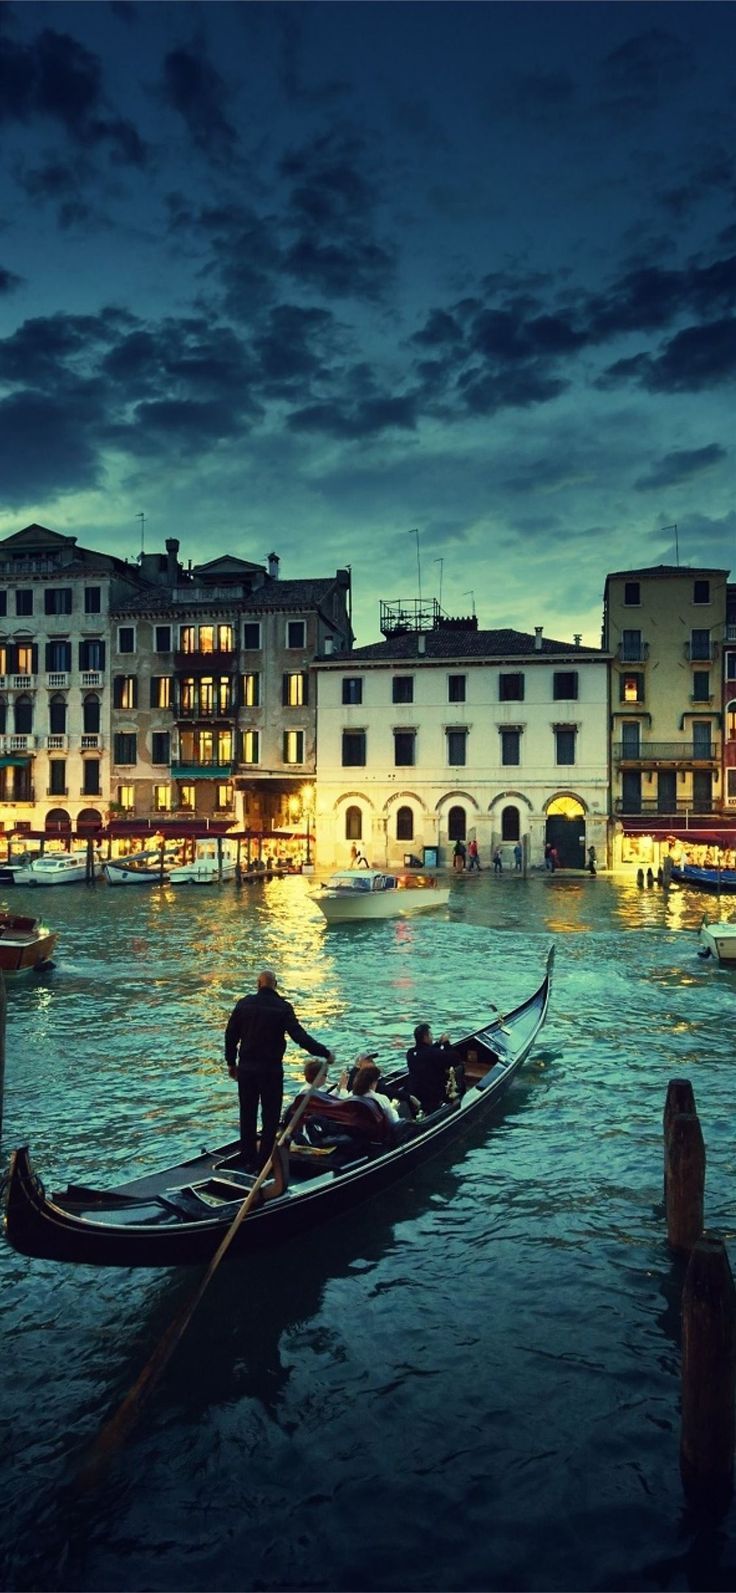 A gondola glides through the water at night in Venice, Italy. - Italy
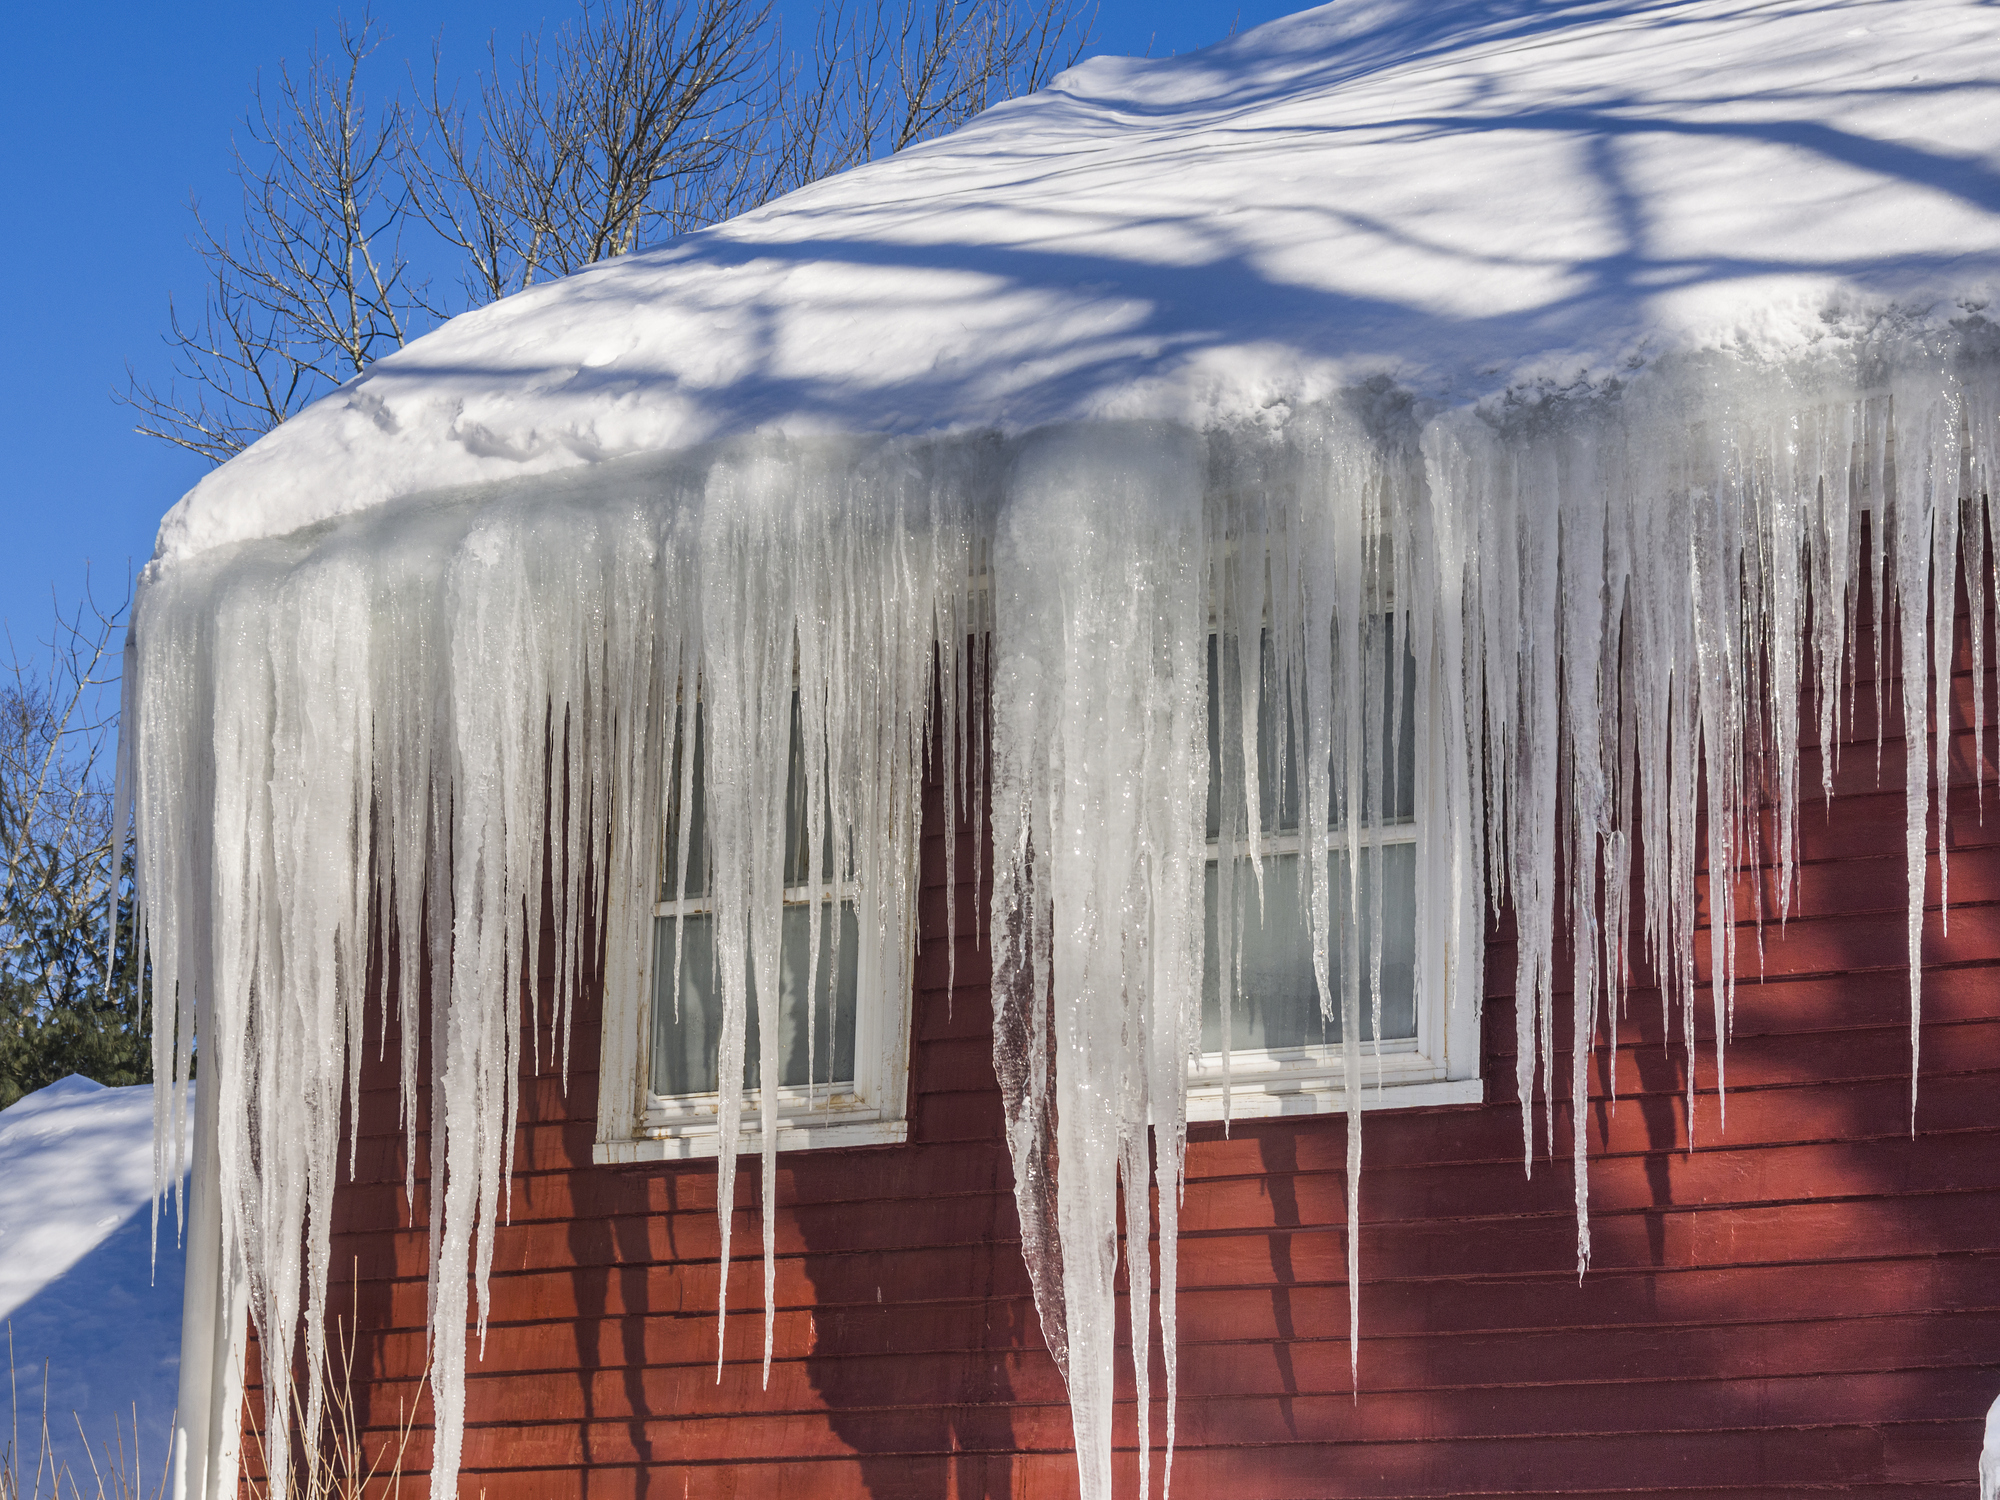 Ice dams and snow on roof
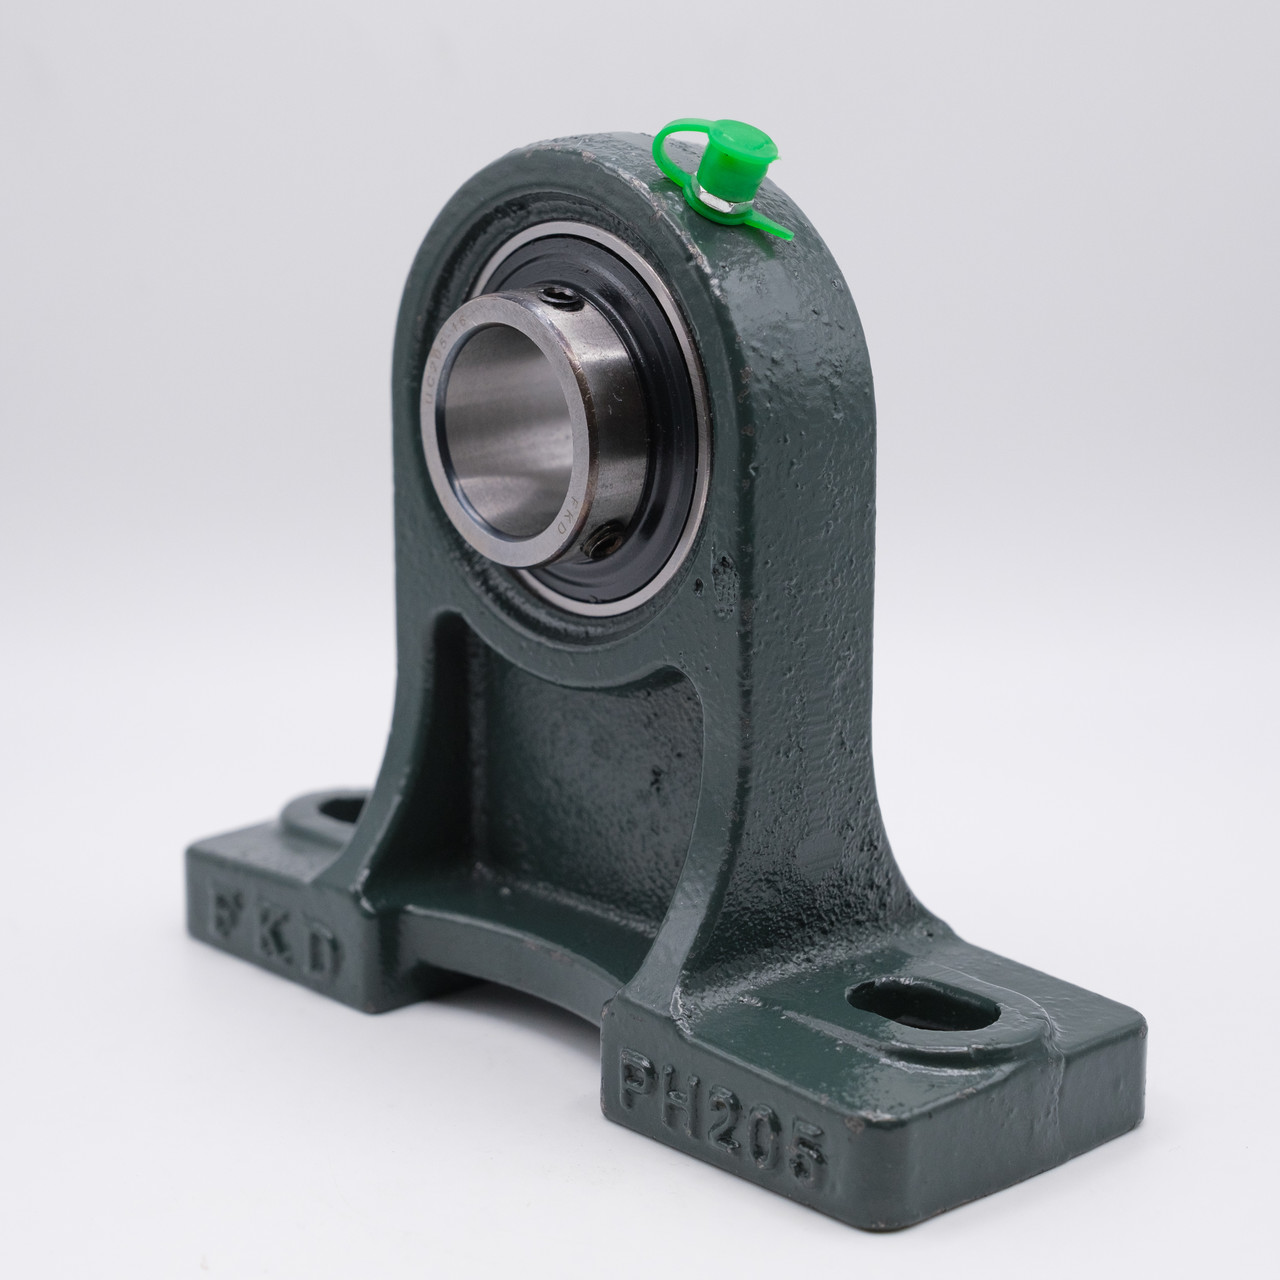 UCPH201 GENERIC 12mm Normal duty 2 Bolt Cast Iron Pillow Block Housed Unit Bearing with extended base to centre height - Metric Thumbnail

*Brief:* Where an image appears in the data, skip it, and return the rest verbatim.

*Reply:*
 A gondola glides through the water at night in Venice, Italy. - Italy
 Ice dams and snow on roof
 UCPH201 GENERIC 12mm Normal duty 2 Bolt Cast Iron Pillow Block Housed Unit Bearing with extended base to centre height - Metric Thumbnail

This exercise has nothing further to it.